There’s a version of Nobadi, from writer-director (and, elsewhere, actor) Karl Markovics, in which its two leads—cranky old Robert and Afghani refugee Adib—learn to help each other, both changing for the better. That, however, is not this film. In fact, it may well be difficult to view films of that type ever again after watching this one—an outcome that really only benefits us, the audience.

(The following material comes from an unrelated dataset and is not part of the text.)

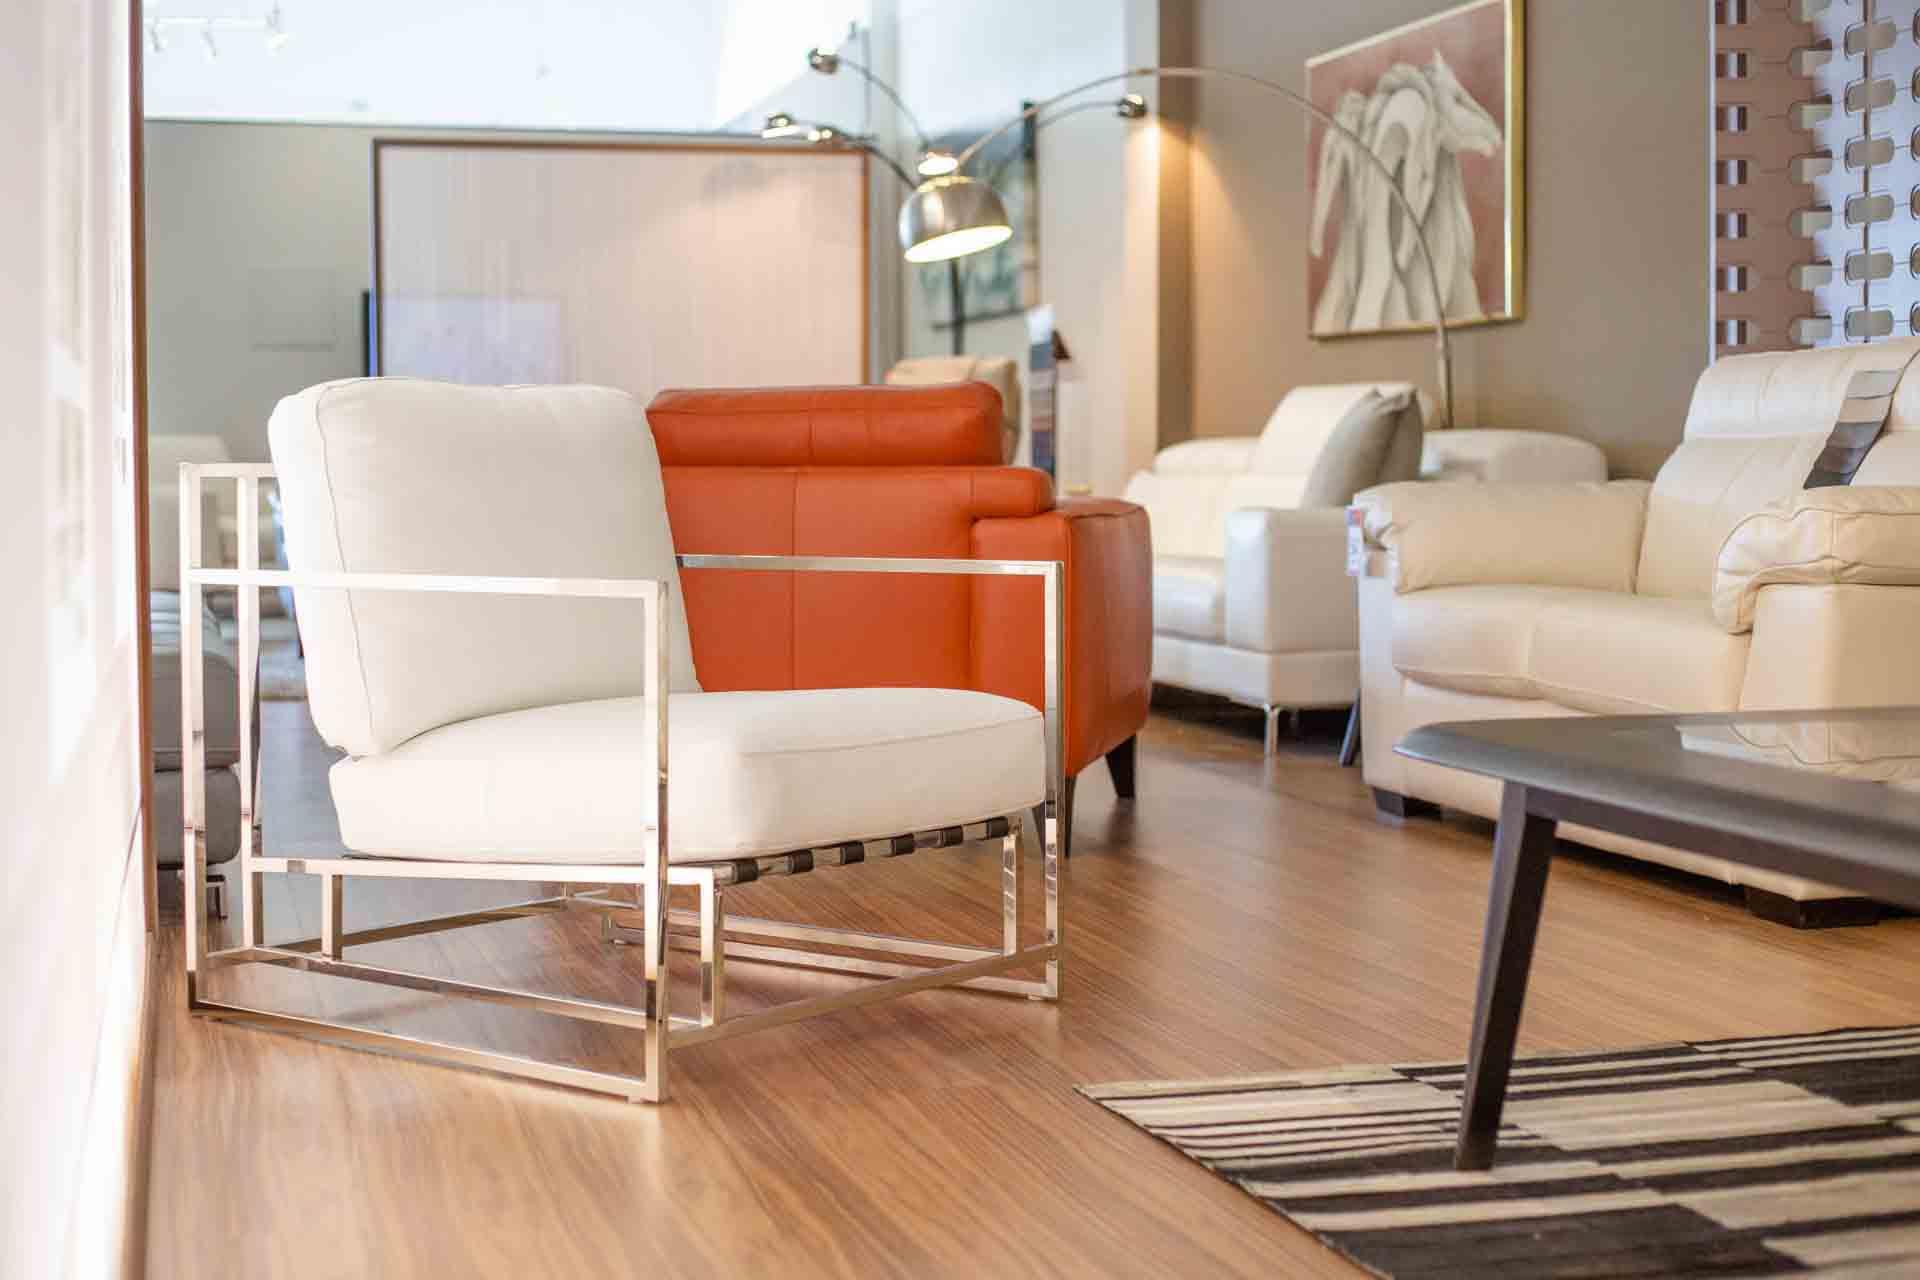 Furniture Divano | San Diego, California – Furniture Divano San Diego

After the death of his dog, Robert (Heinz Trixner) needs help to bury him; through some terse negotiation, Adib (Borhanulddin Hassan Zadeh) steps in to do the work, despite his injured foot. Their conflict, smallscale as it appears, is staged across obvious political and racial lines (made more uncomfortable by the line the film draws between dog and man). Trixner’s Robert, alone and angry, initially offers few kindnesses without strings attached, while Adib tries only to remain amenable given his increasingly desperate situation. Filmed in close quarters over a single day, Markovics refuses to shy away from exactly this kind of tension, getting up-close with both men—excellent in their roles—before expanding Nobadi in darker directions. His script may create stock characters, yet it sets them on a course that feels anything but.

Nobadi‘s true pleasures—if I can use that word—are found in how carefully Markovics dances around those aforementioned expectations before exploding his film well beyond its modern-day political framing. It’s subtle work until it most decidedly is not. By then, however, you’ll most likely be left wincing and wondering: what else has this old man buried?